Dale Polakoff (born July 23, 1957) is an American Modern Orthodox Rabbi, teacher and spiritual leader. He has served as the senior rabbi of the Great Neck Synagogue for over 30 years and formerly served as President of the Rabbinical Council of America.

== Biography ==
Dale Polakoff was born in Philadelphia, Pennsylvania on July 23, 1957. He moved to New York for his undergraduate studies at Yeshiva University and graduated in 1979 with a bachelor's degree in psychology. He continued his learning at the Rabbi Isaac Elchanan Theological Seminary and was granted semicha (rabbinical ordination) in 1982, after having learned in the Gruss Kollel for several years, then headed by Rabbi Aharon Lichtenstein.

Polakoff's first rabbinic position was as assistant rabbi at Congregation Kehilath Jeshurun, where he also served as a faculty member of the Rabbi Joseph Lookstein Upper School of Ramaz. In 1988, Polakoff became senior rabbi of the Great Neck Synagogue in Great Neck, Long Island and a faculty member of the North Shore Hebrew Academy.

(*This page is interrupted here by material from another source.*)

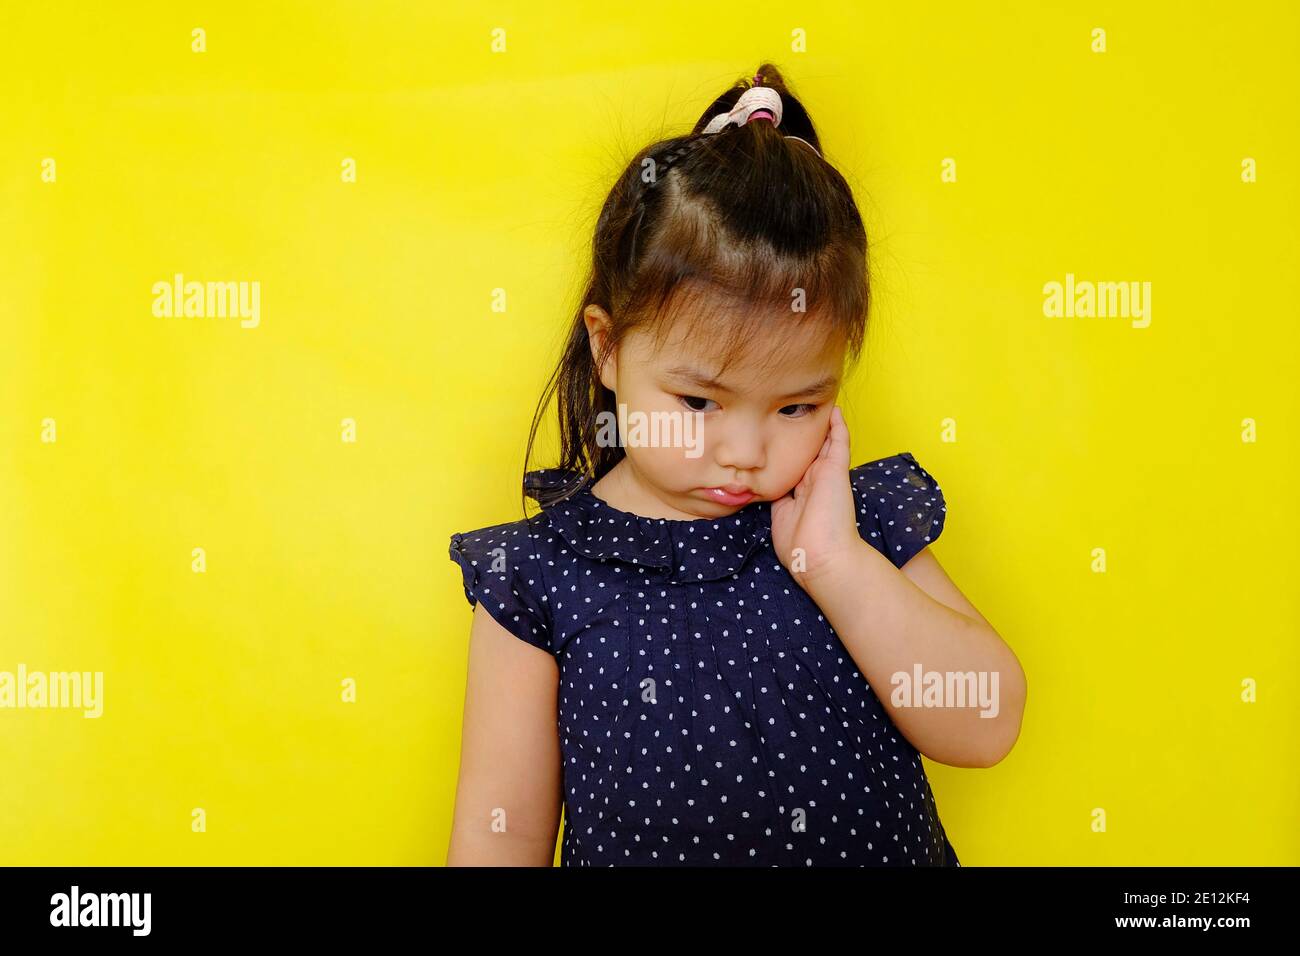 Une jolie jeune fille asiatique debout seule se sentant bouleversée, frustrée, et déçue, regardant vers le bas, pensant. Arrière-plan jaune vif. Banque D'Images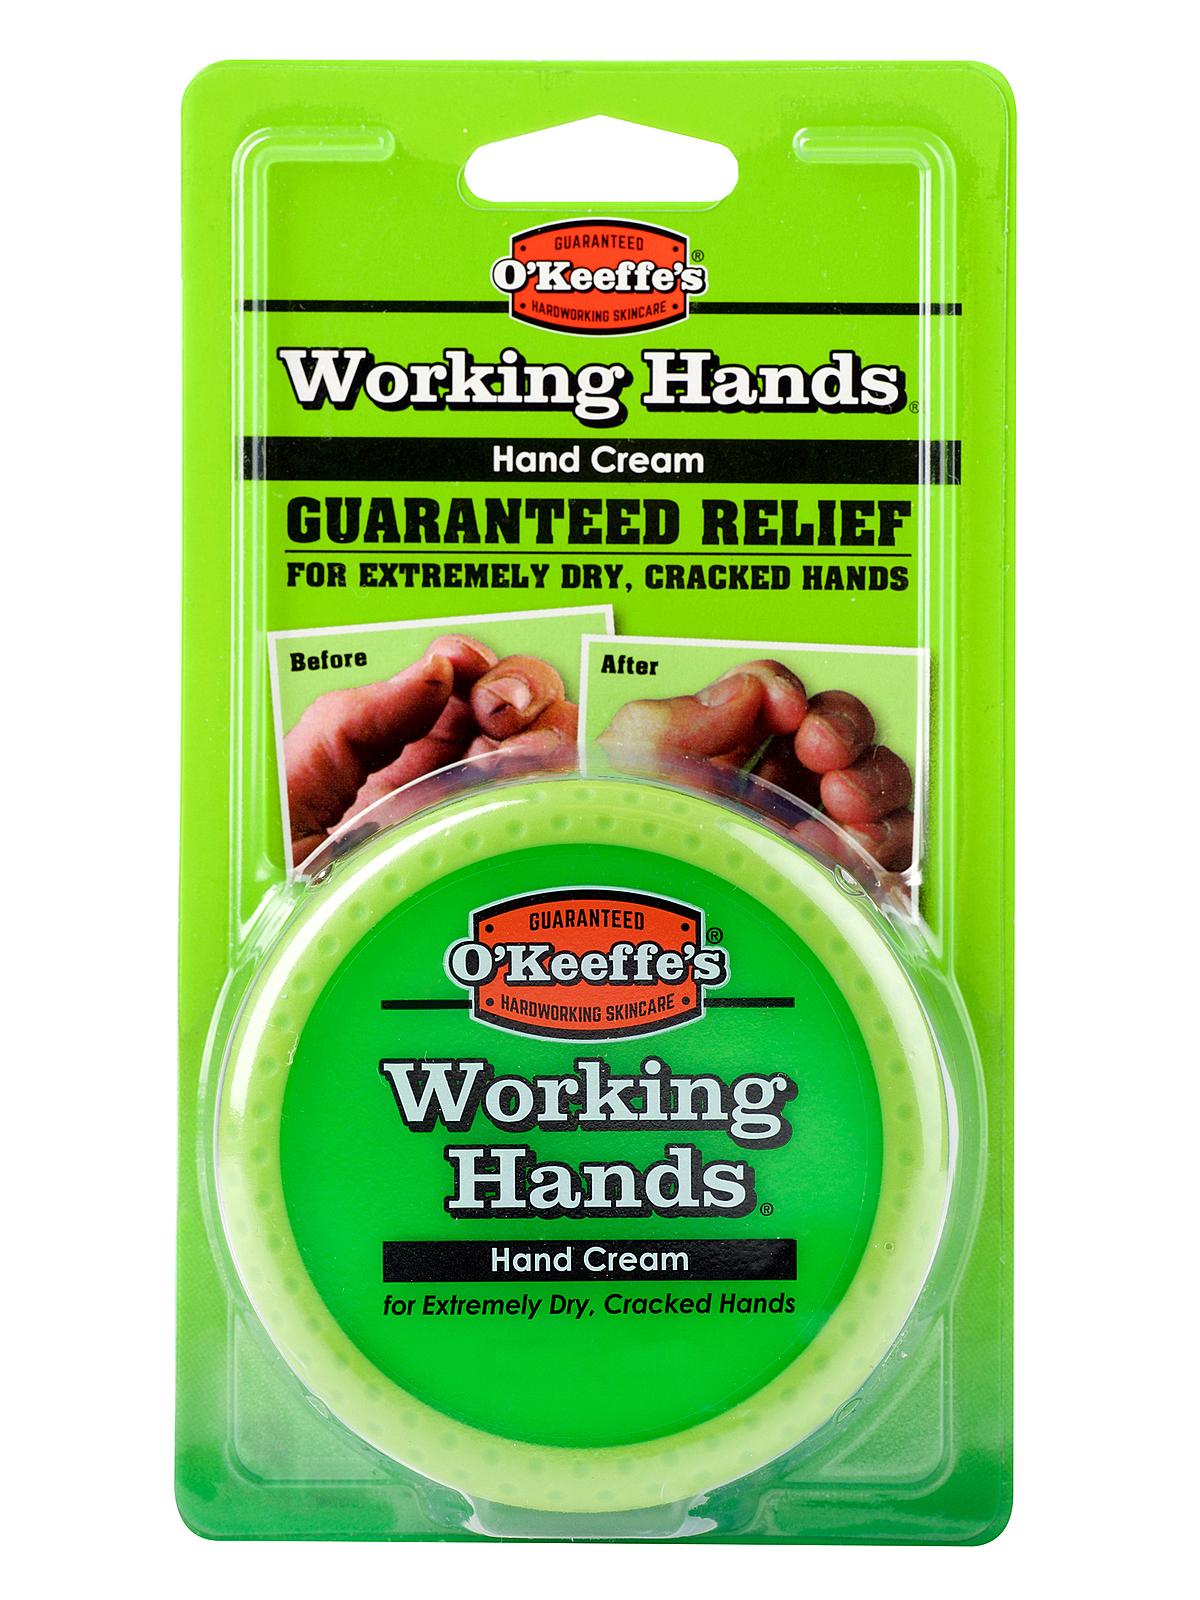 Working Hands Hand Cream 3.4 Oz. Jar

Polakoff served as president of the Rabbinical Council of America from 2005 to 2007. In September 2005, he testified to the United States Congress representing the Rabbinical Council of America in support of the nomination of John Roberts to the Supreme Court of the United States.

== Personal life ==
Polakoff resides in Great Neck, New York with his wife Ellen née Pinsker. He is a father of 9.